NCAA sports is an amateur union.  If players want to make money, then go to the minor leagues of their given sport.  As a runner you don't often see jumps up to the pro ranks, but there have been come cases of this in recent years.  Alan Webb left Michigan to train under his high school coach and run for Nike, Dathan Ritzenhien left Colorado, and most recently an Illinois high schooler, Evan Jager, left Wisconsin a few years back to follow his coach Jerry Schumacher.


I don't understand how athletes can't see all the benefits they are getting from their colleges. I think athletes think they are the only ones that make people come watch games.  Yes, they are the ones ultimately coming, but you have all these people behind the scenes that work to get people in the seats, that work to get the athletes to the level they need to be at (coaches).  Athletes (many of them) are getting education paid for (estimated 4 year cost: $100,000), free housing (estimated 4 year cost $24,000...$600/month), free food (estimated 4 year cost: $10,000...$250 a month), then you add in book fees, transportation, etc etc....you can't tell me athletes are looked after and I don't know one program that doesn't give little perks, legal ones too, to athletes.

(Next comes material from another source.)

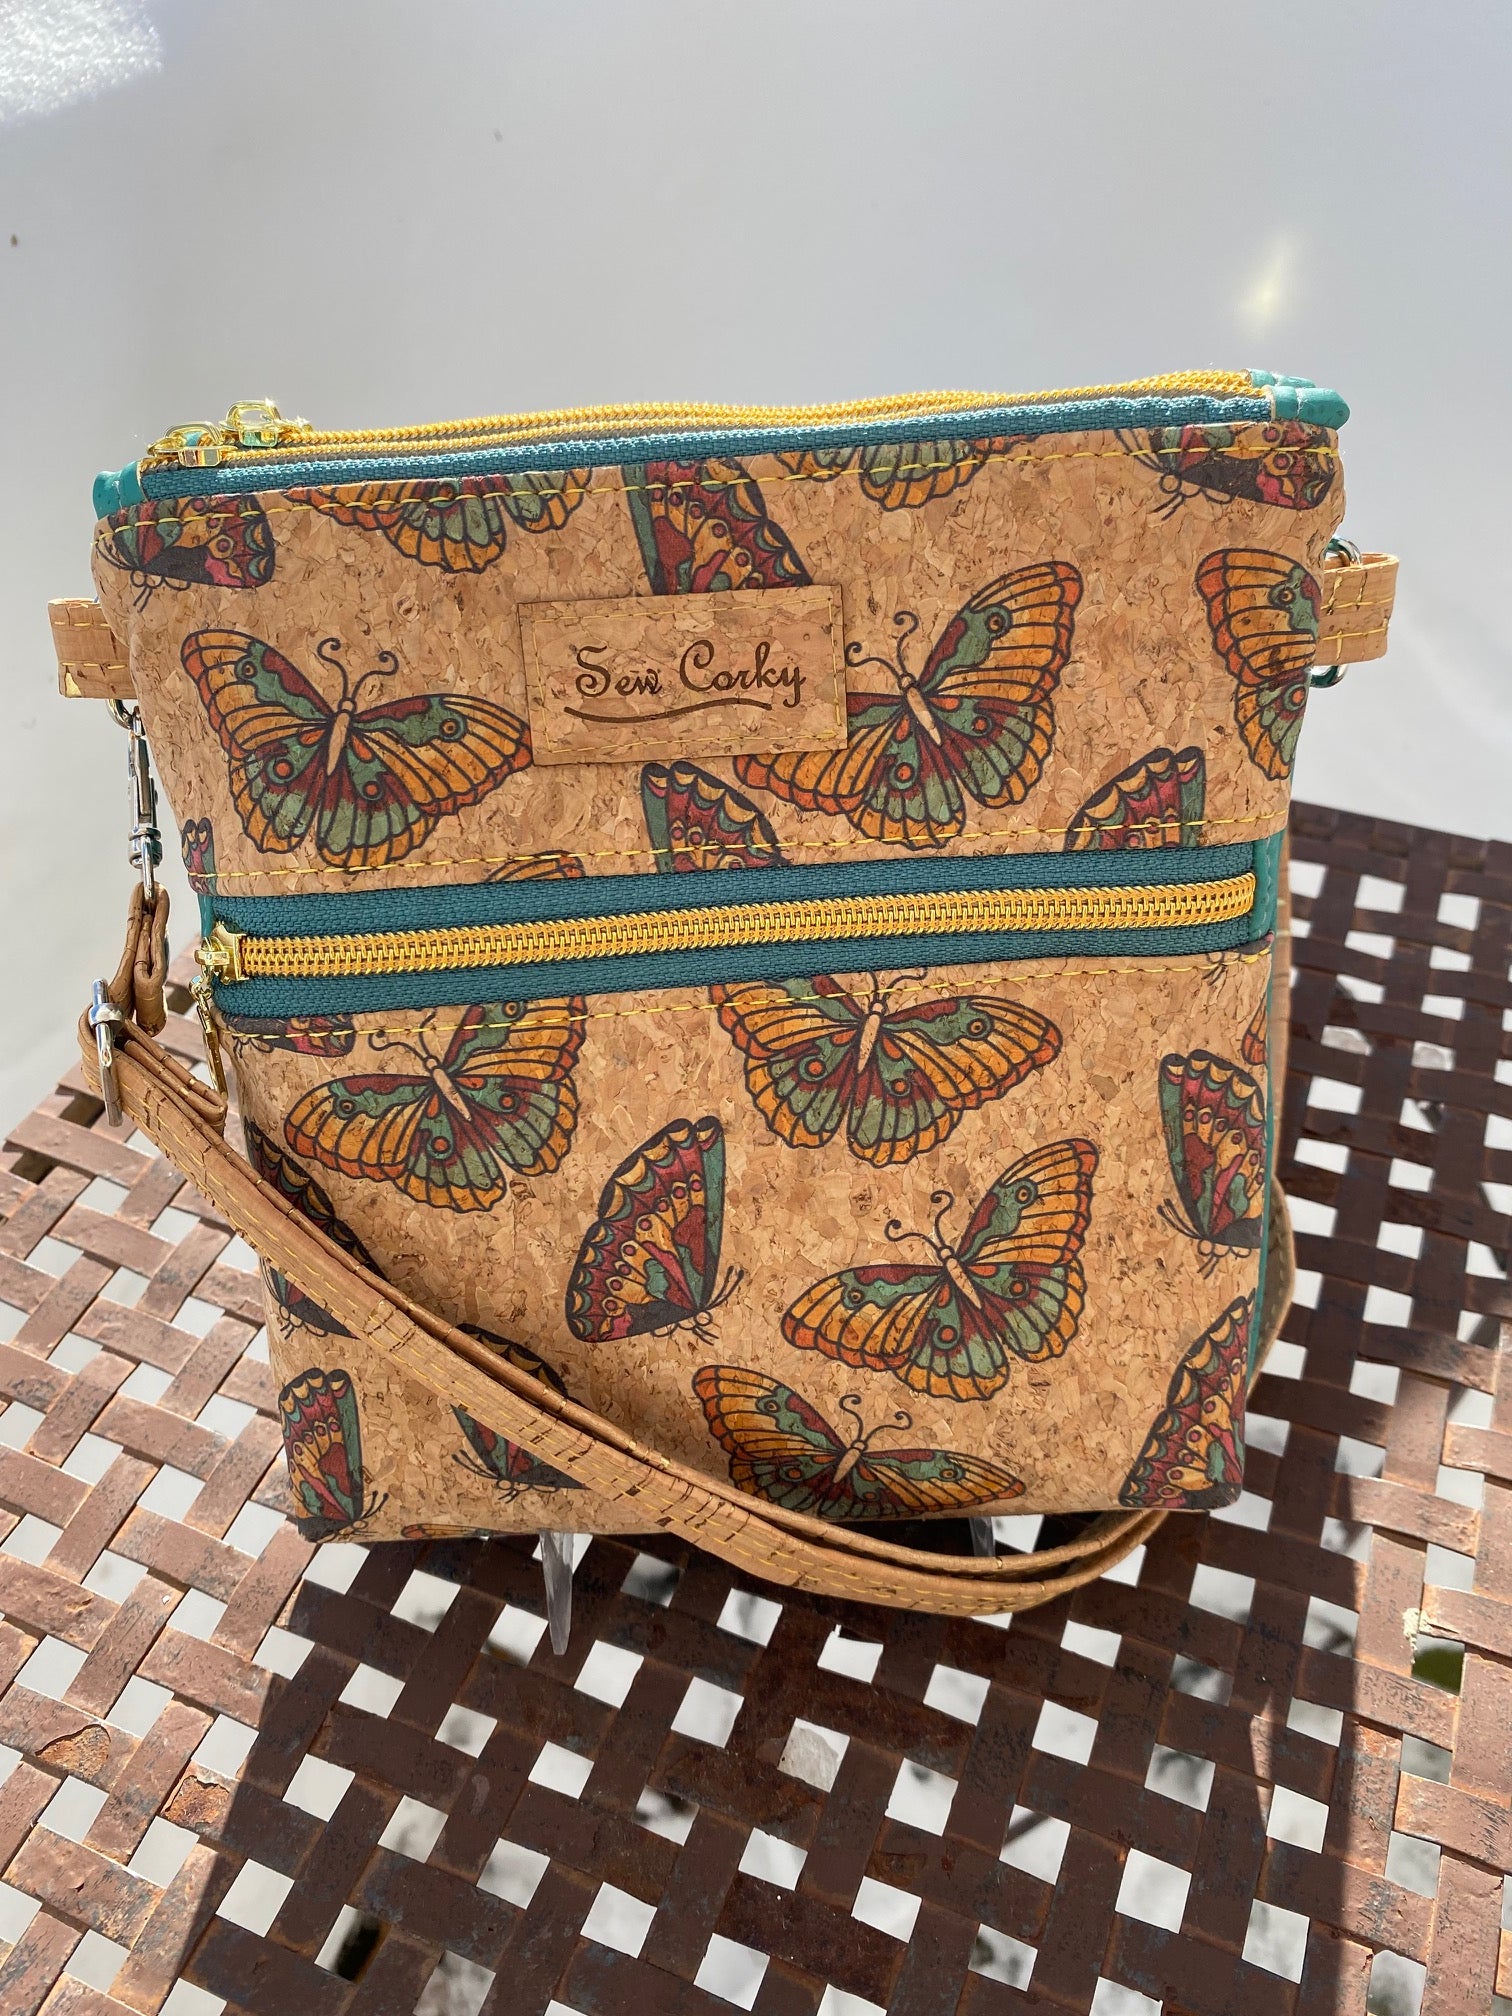 K5-THE BROOKIE CROSSBODY IN BLUE AND COLORED BUTTERFLIES
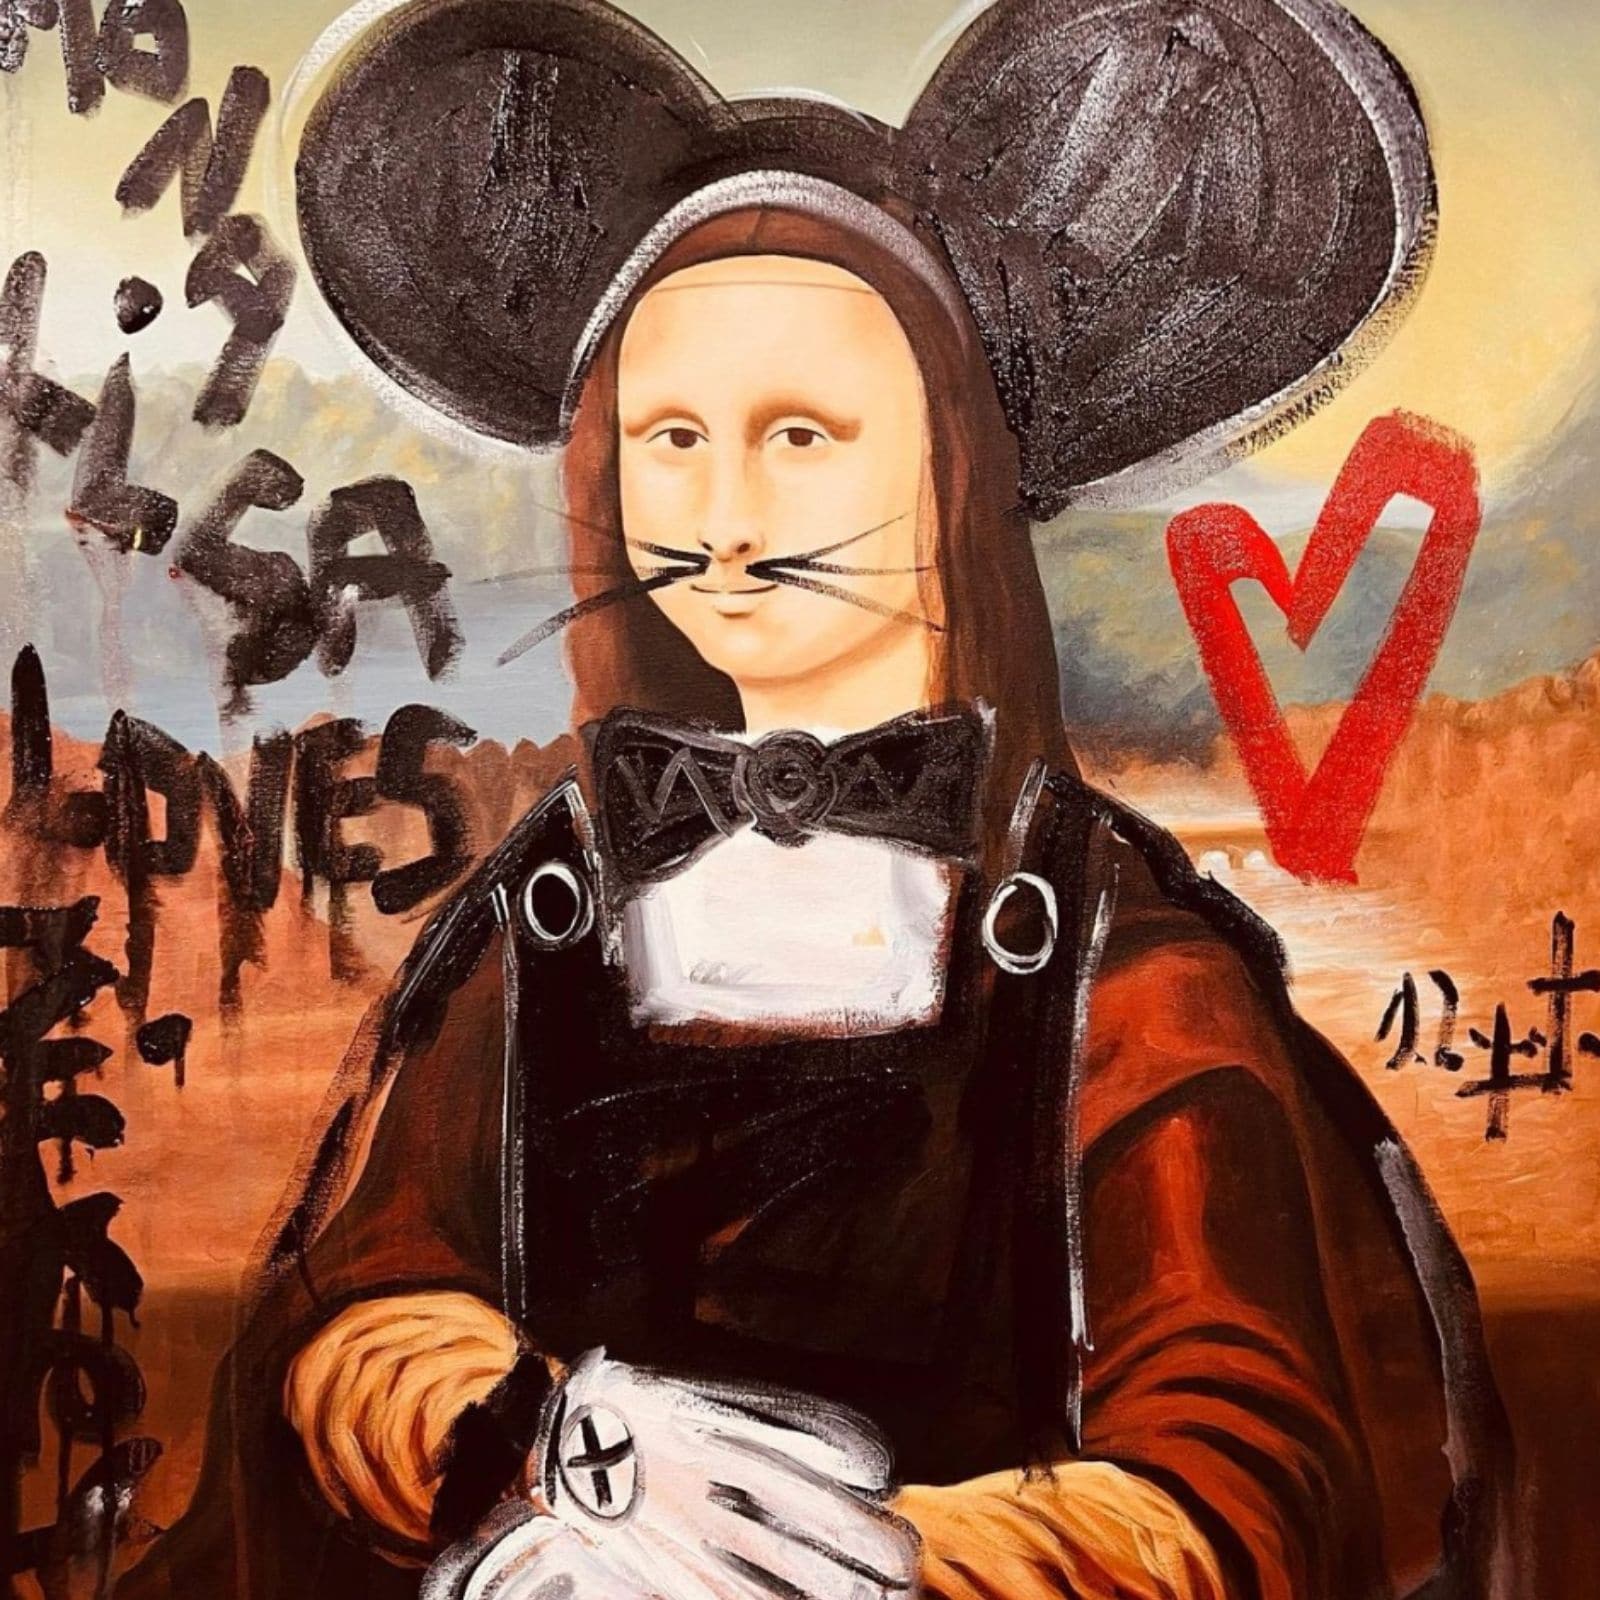 This Artist's Sexual Relationship With the Mona Lisa Involves

Would love to hear what you have to think, but let's keep the NCAA and it's amateur status, but maybe put some legal regulations on them!


Peace out


Shawn

1 comment:

Andrew said...

College athletes get paid by either scholarship or by food/equipment (including clothing). Obviously, the "money making" sports; football and basketball offer their athletes full rides, so these athletes are getting 30-40 thousand a year. But even athletes in smaller sports without scholarships are still on the receiving end of plenty of benefits (equipment, free tickets to sporting events and food). The idea of giving athletes even more causes stress to school budgets, which is an unnecessary burden. The benefits reaped by athletes is plenty, there is no need to spoil them anymore.